# Word Embeddings

In [1]:
%pip install datasets

import numpy as np

import gensim.downloader
from gensim.models import Word2Vec
from gensim.utils import tokenize, simple_preprocess

import nltk
from nltk.corpus import brown, stopwords

from tqdm import tqdm
from datasets import load_dataset
from typing import Any

%pip install torchmetrics
import torch 
from torch import nn
from torch.utils.data import Dataset, DataLoader
from torchmetrics.classification import BinaryAccuracy

Note: you may need to restart the kernel to use updated packages.


  from .autonotebook import tqdm as notebook_tqdm


Note: you may need to restart the kernel to use updated packages.


## Exercise 1: Training a Word2Vec model

### Preparing the Corpus and Stopwords

To train our own **Word2Vec embeddings**, we first need a text corpus.  
Here we’ll use the **Brown Corpus**, a classic collection of English texts available through NLTK.  

- We download the `brown` corpus and the list of common English **stopwords**.  
- Stopwords (like *the*, *and*, *is*) carry little semantic meaning, so we’ll filter them out before training.  

This ensures our Word2Vec model focuses on more informative words when learning embeddings.


In [2]:
nltk.download("brown")
nltk.download("stopwords")

stop_words = set(stopwords.words("english"))

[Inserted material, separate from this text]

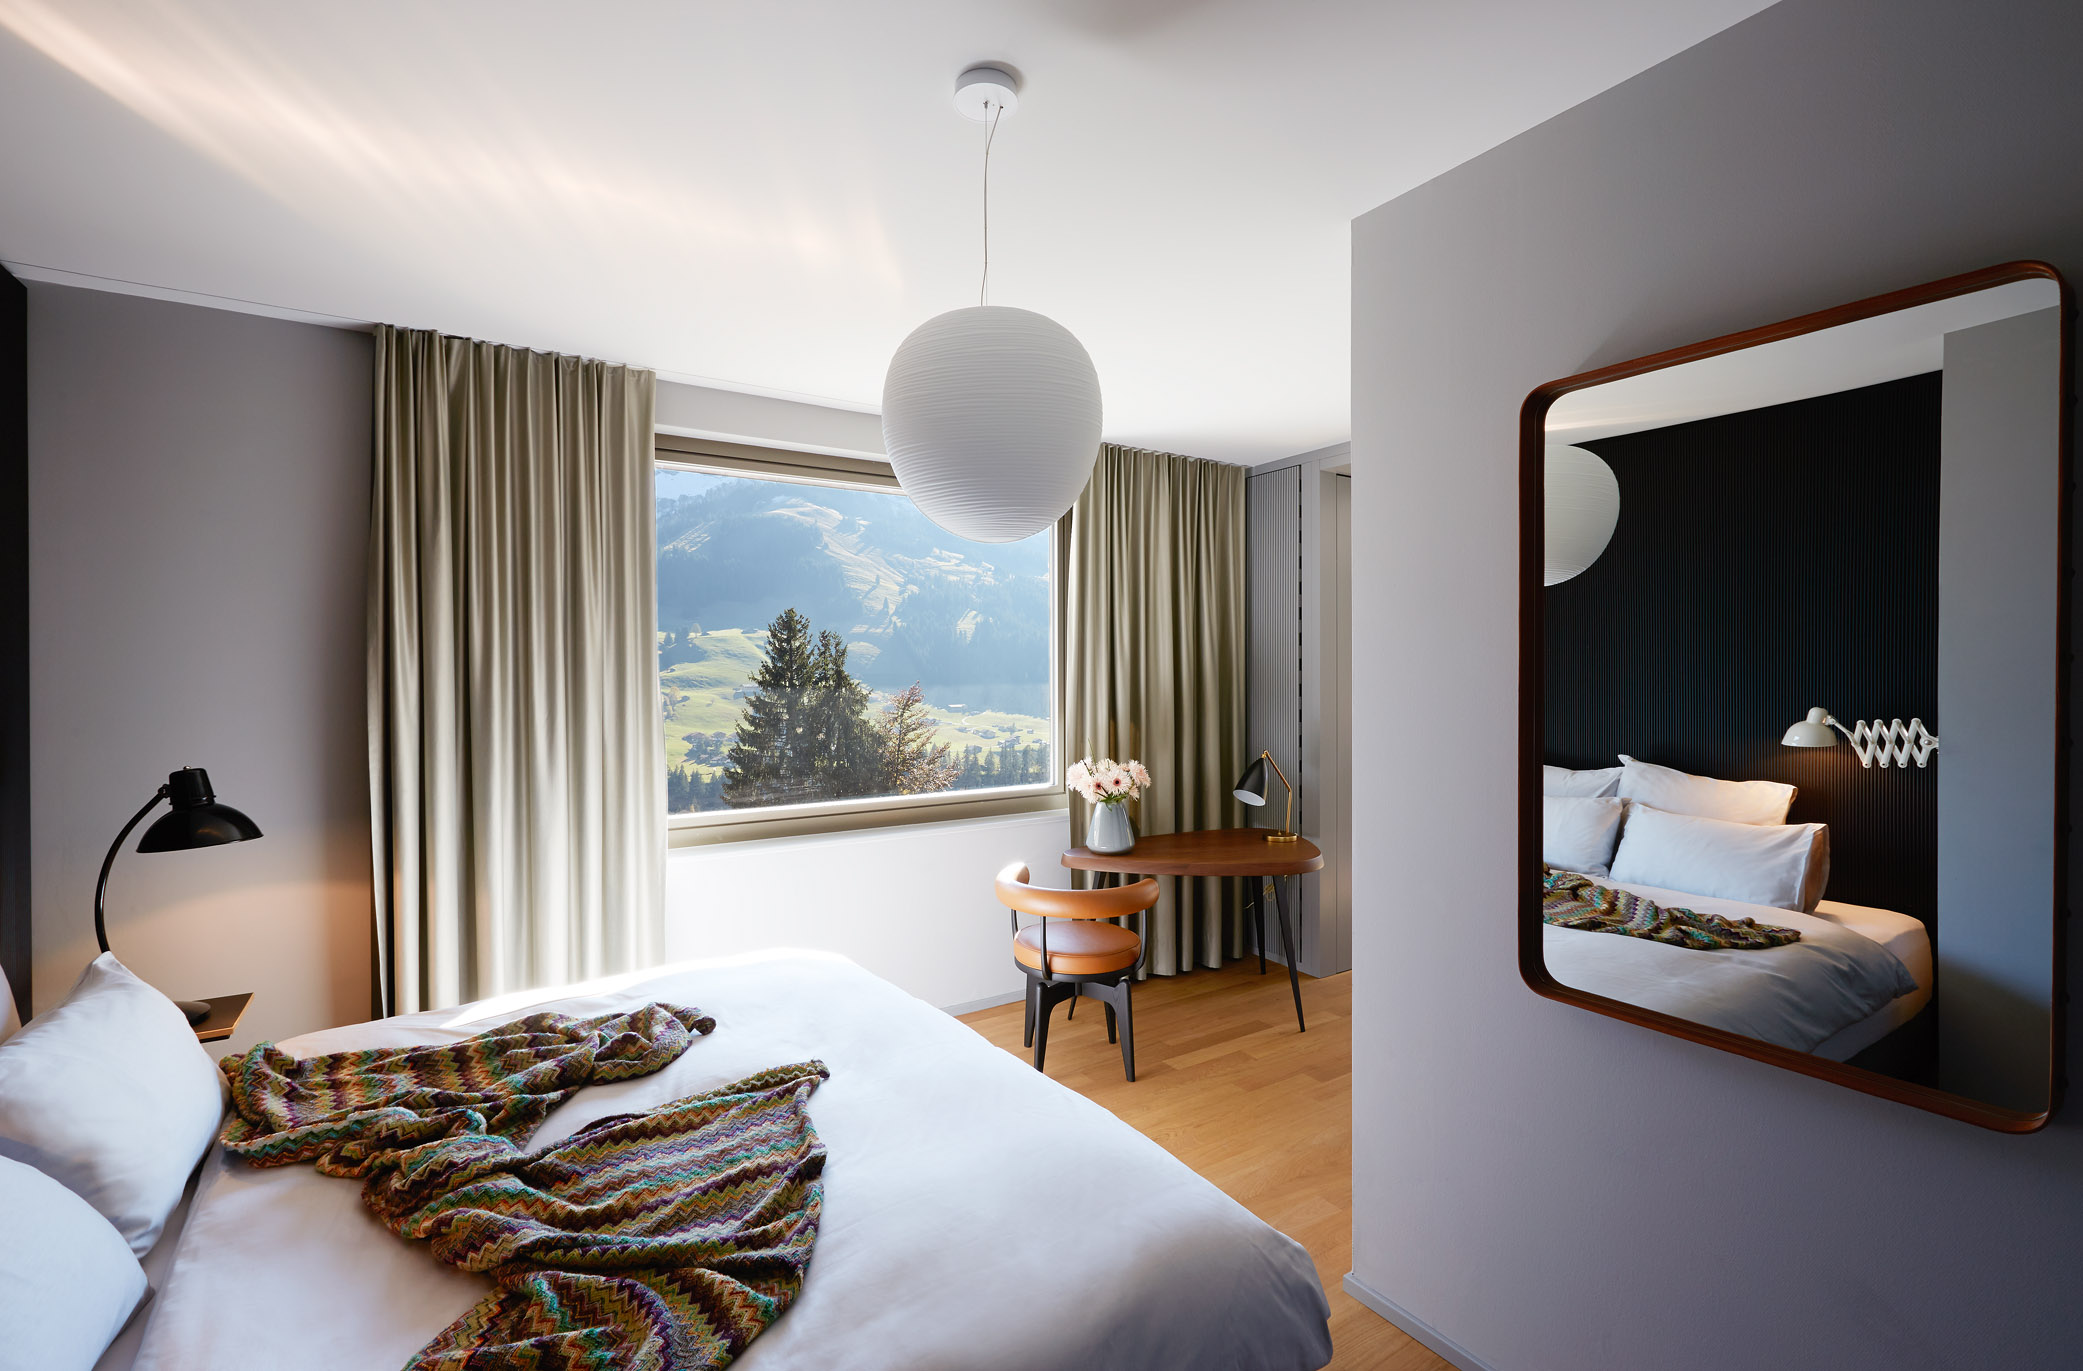 Bellevue Parkhotel & Spa, Adelboden, tn hotel consulting, tomas niederberghaus, hotel pr

[nltk_data] Downloading package brown to
[nltk_data]     C:\Users\malik\AppData\Roaming\nltk_data...
[nltk_data]   Package brown is already up-to-date!
[nltk_data] Downloading package stopwords to
[nltk_data]     C:\Users\malik\AppData\Roaming\nltk_data...
[nltk_data]   Package stopwords is already up-to-date!

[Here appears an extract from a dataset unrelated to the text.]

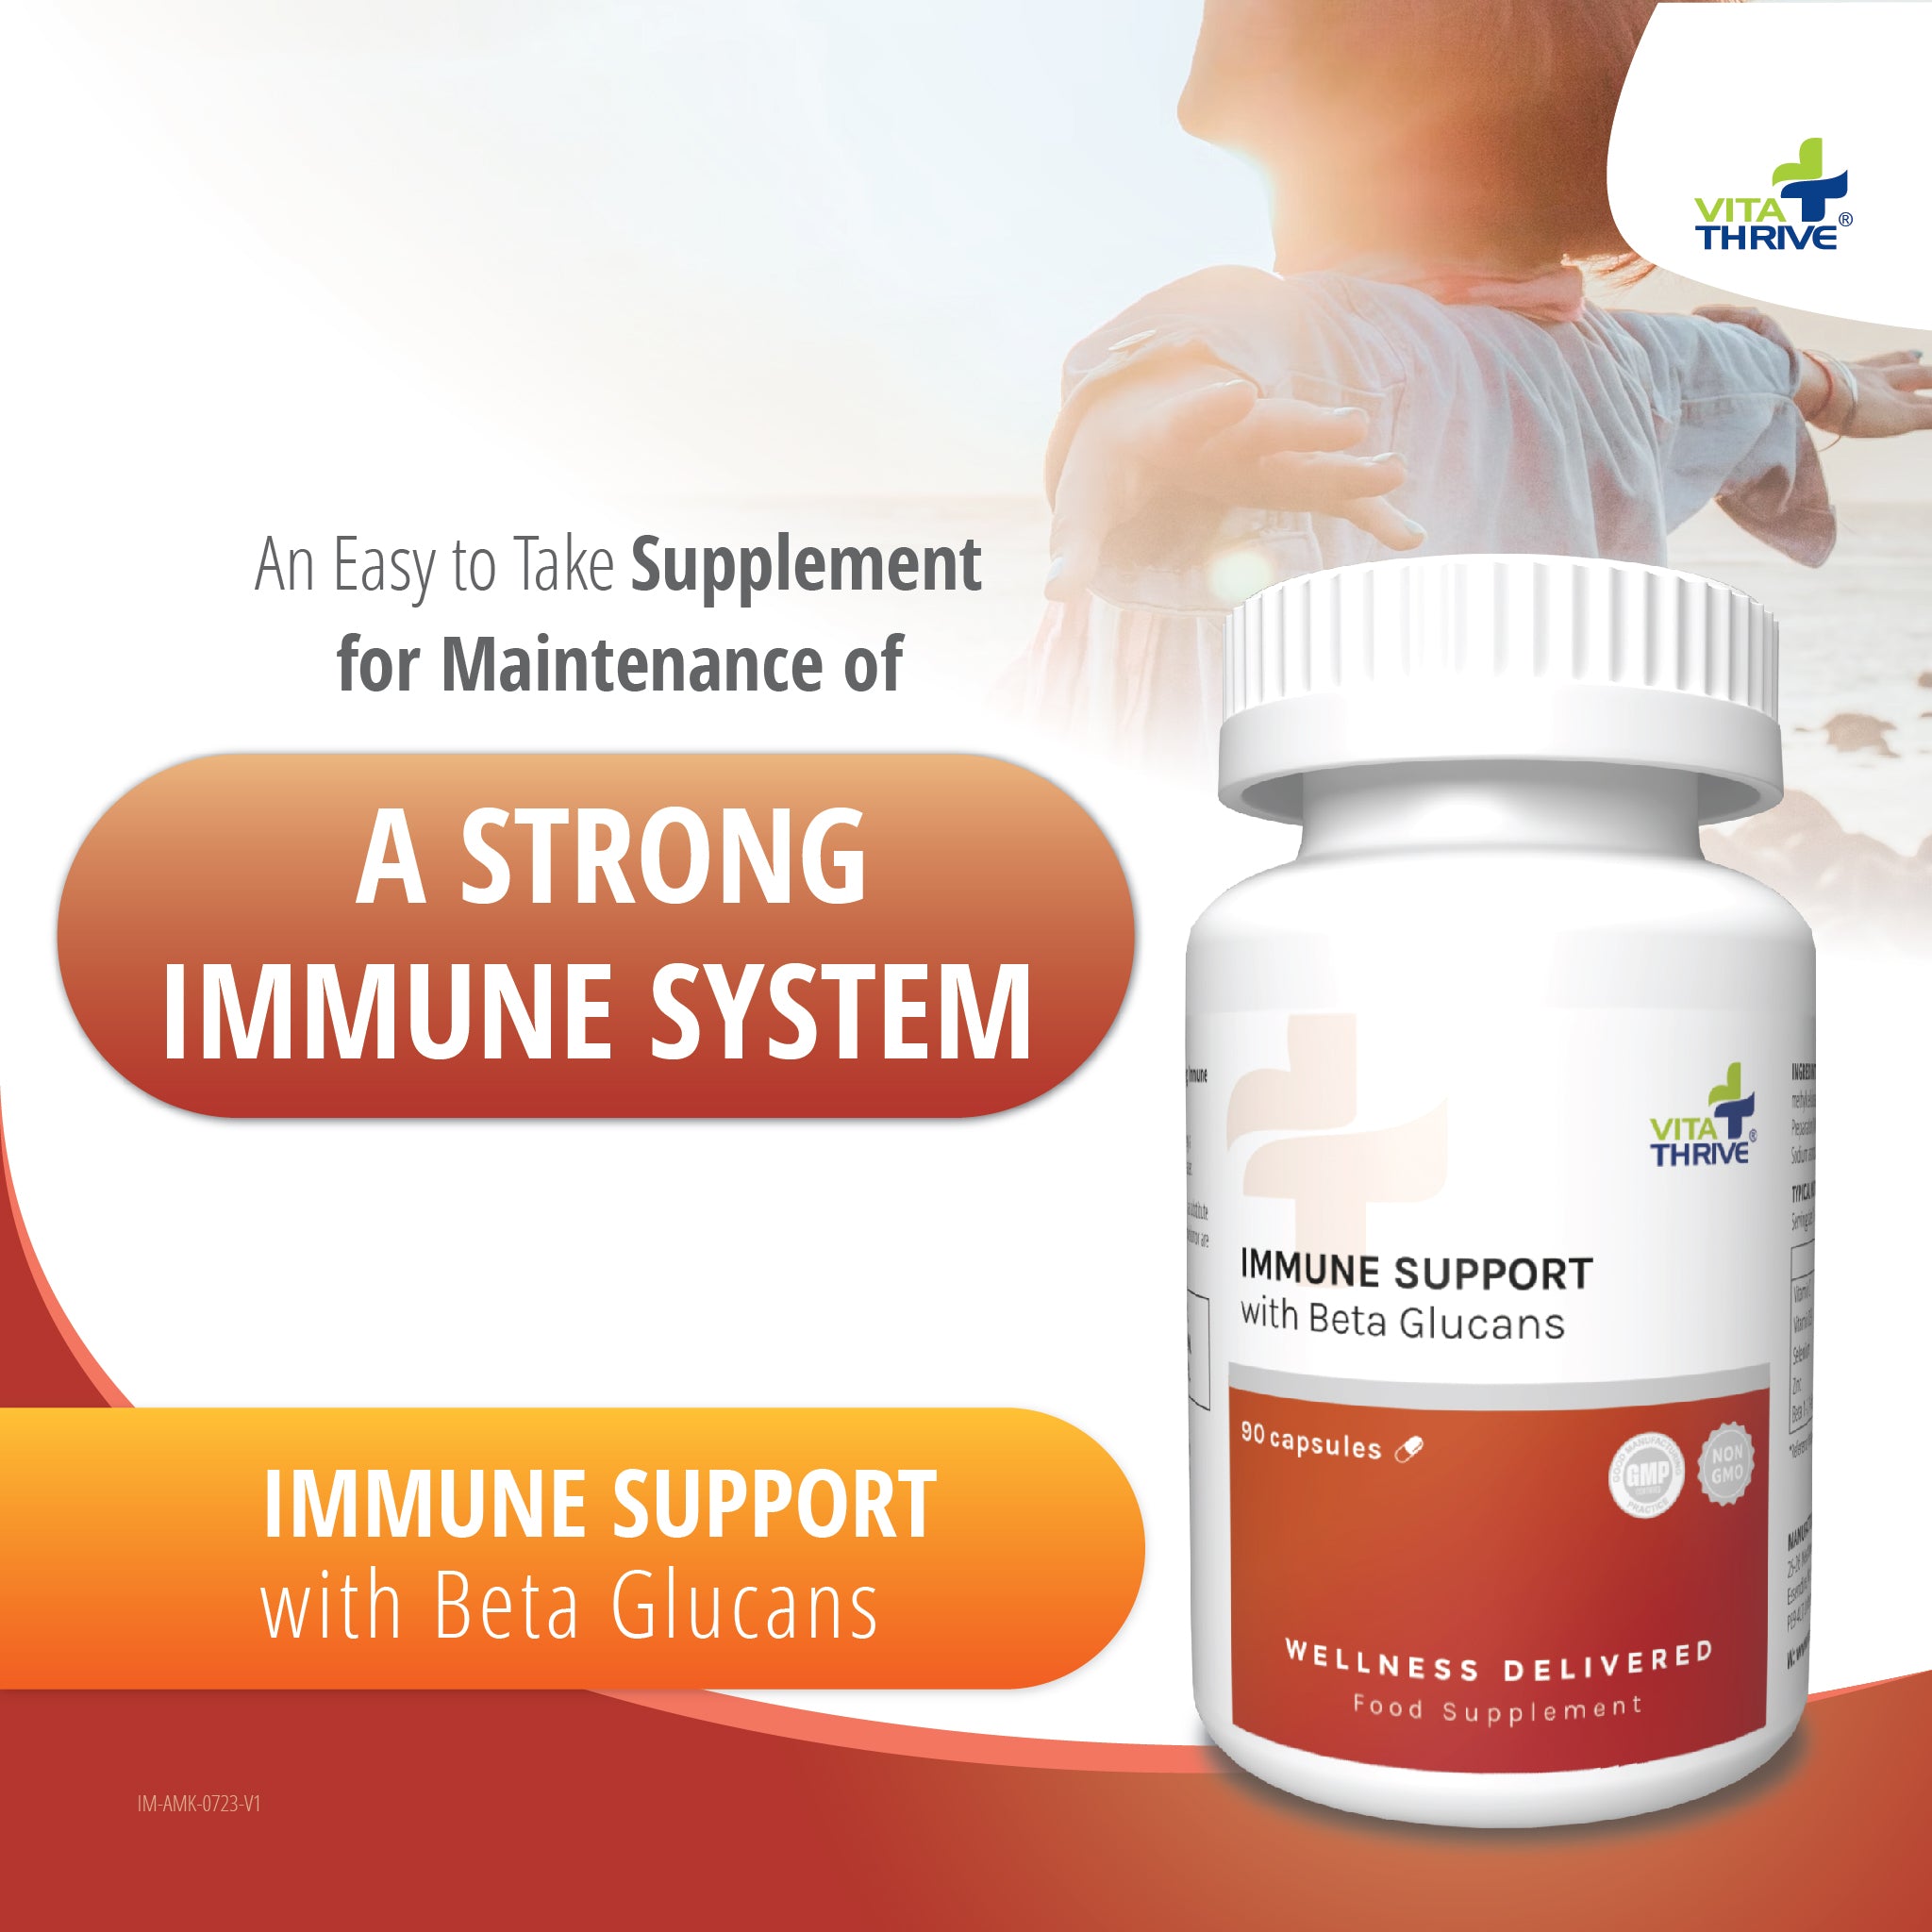 VitaThrive® Immune Support with Beta Glucans - 90 Capsules

### Exploring the Brown Corpus

Before training Word2Vec, let’s take a look at the data we’ll be working with.  

- The **Brown Corpus** is divided into categories (e.g., news, fiction, humor).  
- We print the available categories and the total number of sentences in the corpus.  
- For illustration, we also display the first few sentences so we can see how the raw data looks.  

This step helps us understand the **structure and style of the text** before preprocessing and training embeddings.


In [3]:
# Show some info about the corpus
print("Categories:", brown.categories())
print("Total sentences:", len(brown.sents()))

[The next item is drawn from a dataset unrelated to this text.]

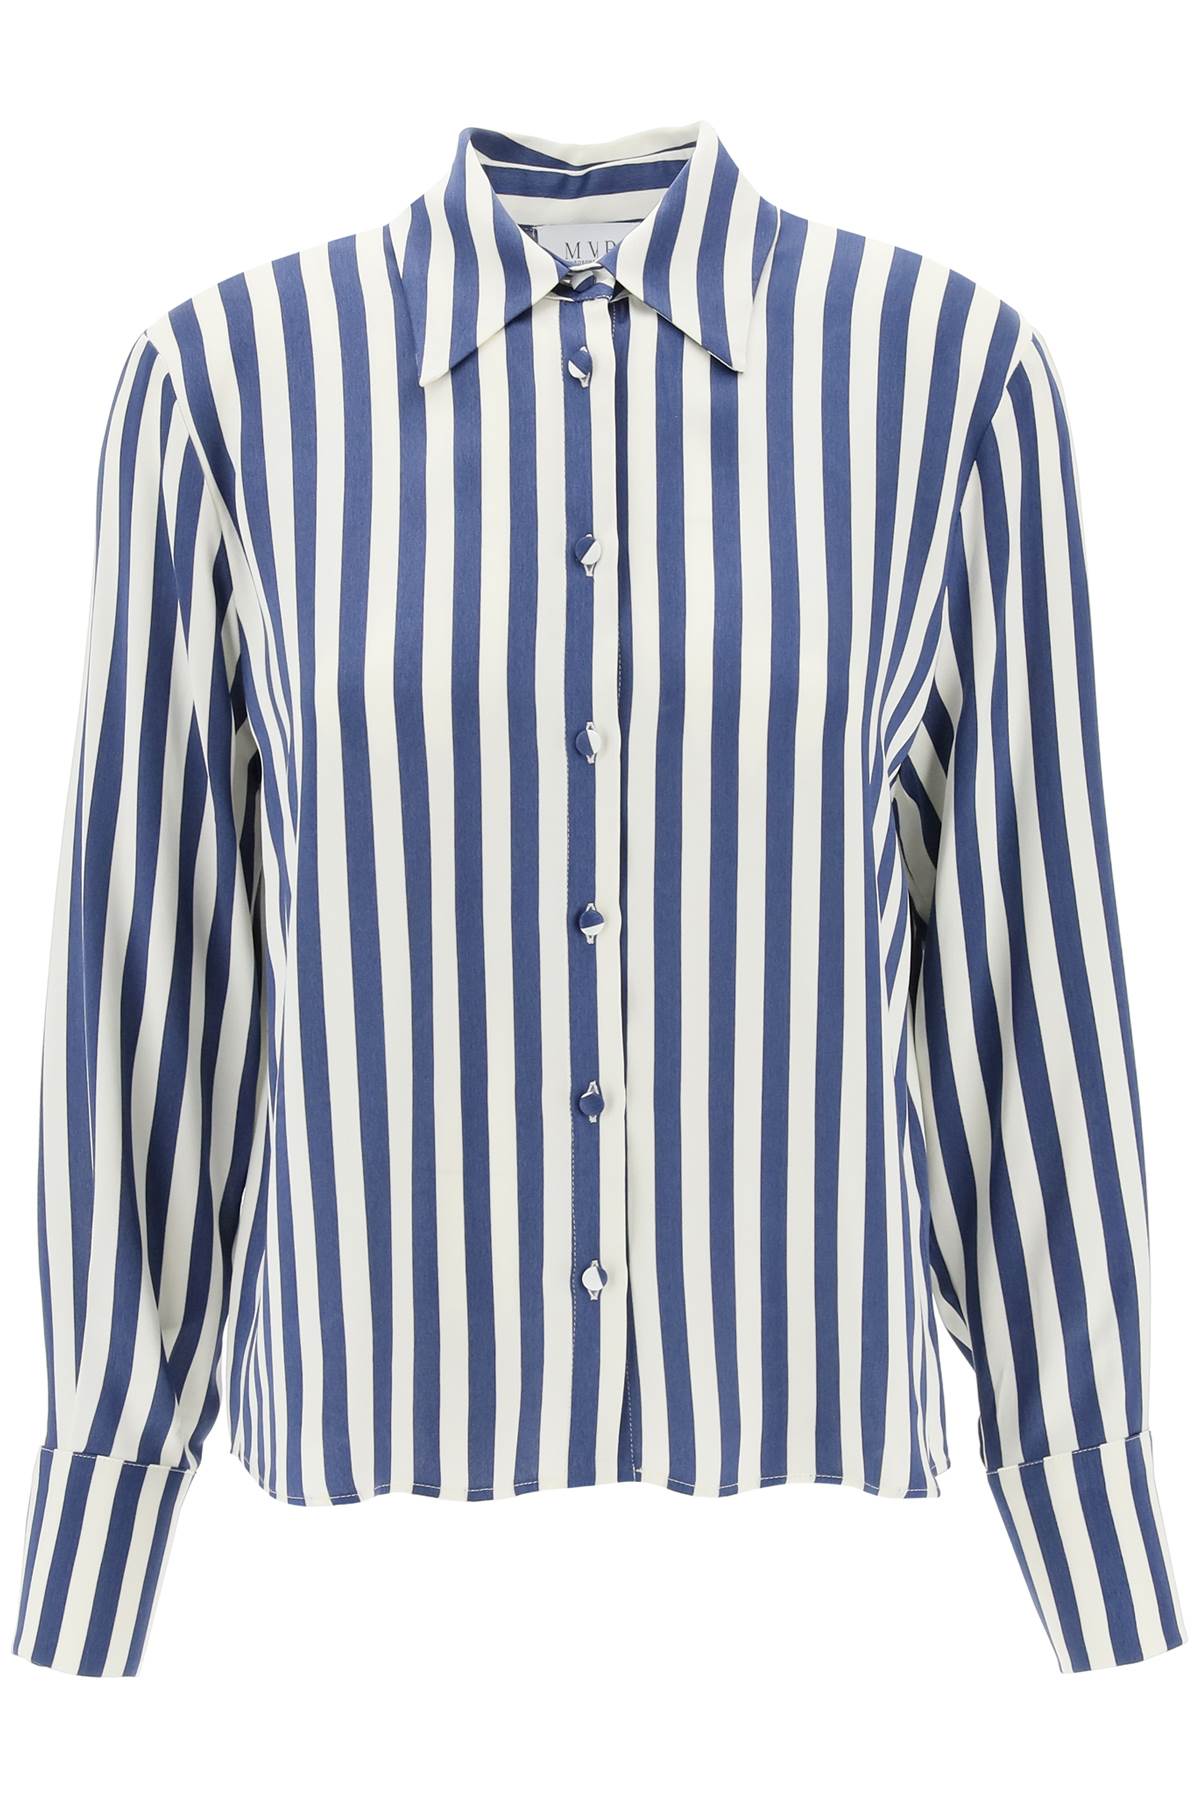 Mvp wardrobe "striped charmeuse shirt by le-0

# Get 100 senteces from the humor category
dataset = brown.sents()

for i in range(3):
    print(dataset[i])

Categories: ['adventure', 'belles_lettres', 'editorial', 'fiction', 'government', 'hobbies', 'humor', 'learned', 'lore', 'mystery', 'news', 'religion', 'reviews', 'romance', 'science_fiction']
Total sentences: 57340
['The', 'Fulton', 'County', 'Grand', 'Jury', 'said', 'Friday', 'an', 'investigation', 'of', "Atlanta's", 'recent', 'primary', 'election', 'produced', '``', 'no', 'evidence', "''", 'that', 'any', 'irregularities', 'took', 'place', '.']
['The', 'jury', 'further', 'said', 'in', 'term-end', 'presentments', 'that', 'the', 'City', 'Executive', 'Committee', ',', 'which', 'had', 'over-all', 'charge', 'of', 'the', 'election', ',', '``', 'deserves', 'the', 'praise', 'and', 'thanks', 'of', 'the', 'City', 'of', 'Atlanta', "''", 'for', 'the', 'manner', 'in', 'which', 'the', 'election', 'was', 'conducted', '.']
['The', 'September-October', 'term', 'jury', 'had', 'been', 'charged', 'by', 'Fulton', 'Superior', 'Court', 'Judge', 'Durwood', 'Pye', 'to', 'investigate', 'reports', 'of', 'possi

### Cleaning and Preprocessing the Text

Raw sentences from the Brown Corpus need to be **preprocessed** before they can be used for training Word2Vec.  

Steps applied:  
1. **Join and tokenize** each sentence into words.  
2. **Lowercasing & deaccenting** (`deacc=True` removes punctuation/accents).  
3. **Filter short words** (`min_len=2` keeps words with at least 2 characters).  
4. **Remove stopwords** (like *the*, *and*, *is*) to focus on meaningful content.  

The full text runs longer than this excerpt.